Цифра вышла такая, что Зинаида Фёдоровна пересчитала её трижды, прежде чем ставить в сводку: тридцать шесть и две десятых центнера с гектара в среднем по колхозу, а на четырнадцатом поле — сорок один. Сорок один центнер озимой пшеницы на курском суглинке. Кузьмич, услышав про сорок один, пошёл на четырнадцатое лично, взял колос, растёр в ладонях, пересчитал зёрна — и вынес заключение, которое Мишка тут же объявил по своему радио на всю деревню: «Восемь было, когда начинали. Тридцать шесть стало. Лестницу построили — теперь по ней любой подымется. В этом и был смысл».

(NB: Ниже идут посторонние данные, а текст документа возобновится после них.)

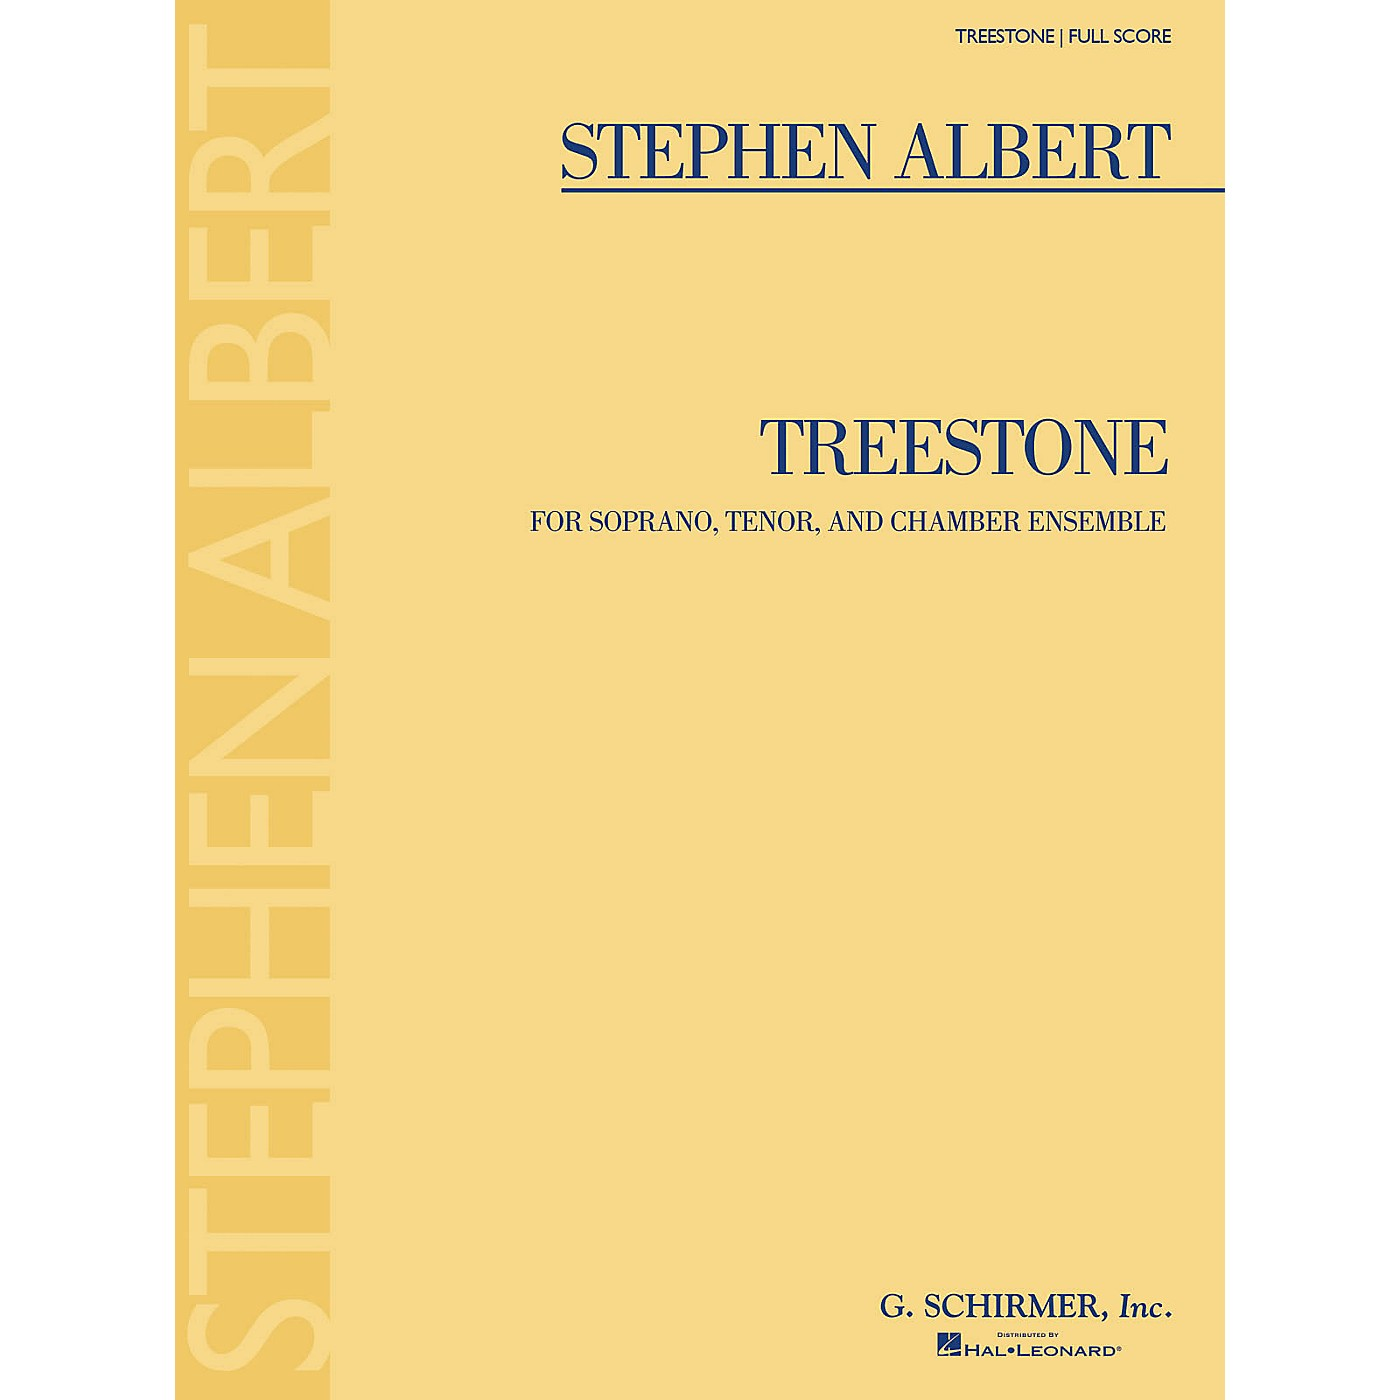 G. Schirmer Treestone (Study Score) Study Score Series Softcover Composed by Stephen Albert thumbnail
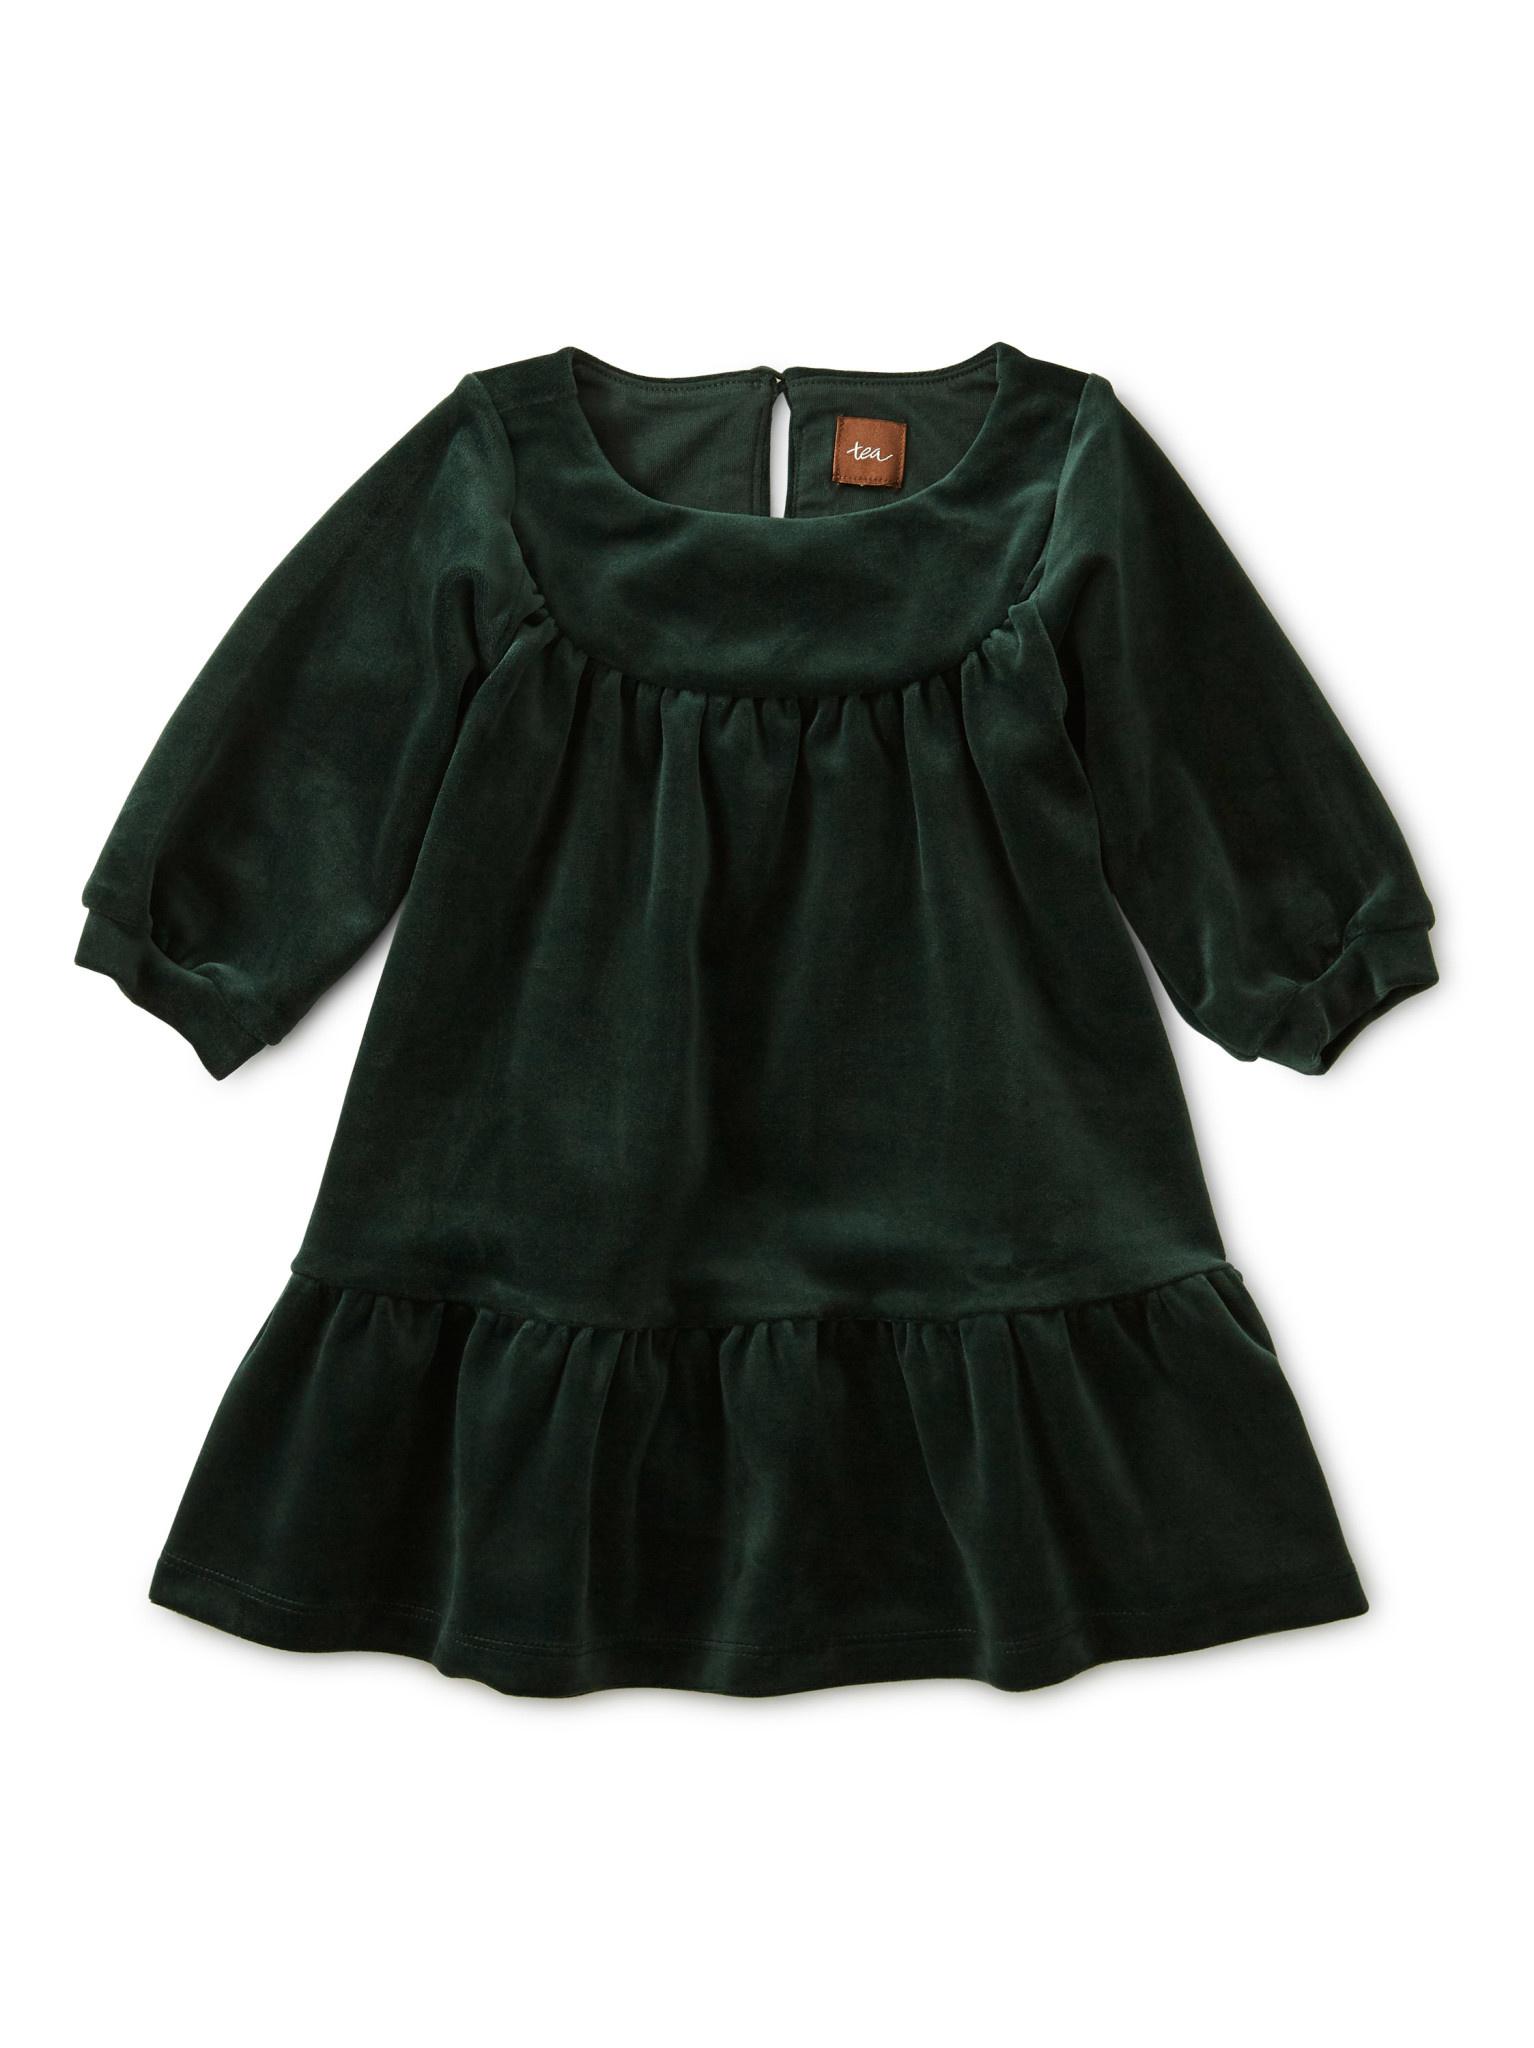 Tea Collection Velour Ruffle Baby Dress - Mallard

Я слушал это «восемь было» у весовой, среди пыли и грохота, и думал: десять лет назад цифра «восемь» значила здесь приговор, а теперь она стала первой ступенькой легенды — деревенской, устной, которая переживёт и сводки, и нас. Зерно шло через весовую сплошным потоком, Бэлины ведомости съедали его в учёт тонна за тонной, на току работали в три смены — и всё это работало бы точно так же, если бы меня здесь не было вовсе. В сводках такая графа не предусмотрена.

В разгар уборки приехал обещанный журналист — тот самый, из кооперативного издания, единственный из московской очереди, кто действительно собрался. Он прожил у нас четыре дня, ночевал у Толика, вставал к первой смене, ел в полевой столовой и поначалу всё искал, по его выражению, «конфликт и драму»: где сопротивление? где враги? где надлом? К третьему дню он затосковал, а к четвёртому, сидя у меня в правлении с исписанным блокнотом, сформулировал то, за чем, оказывается, ездил:

— Я понял, в чём ваша драма, Павел Васильевич. У вас её нет. У вас тут скучно, как в хорошей больнице: никто не умирает. А у нас весь жанр на том стоит, что кооператор — это либо герой, либо жулик, и обоих душат. Про вас писать нечем: вас не душат, вы не жулик, а на героя вы не соглашаетесь. Вы понимаете, что вы для прессы — катастрофа?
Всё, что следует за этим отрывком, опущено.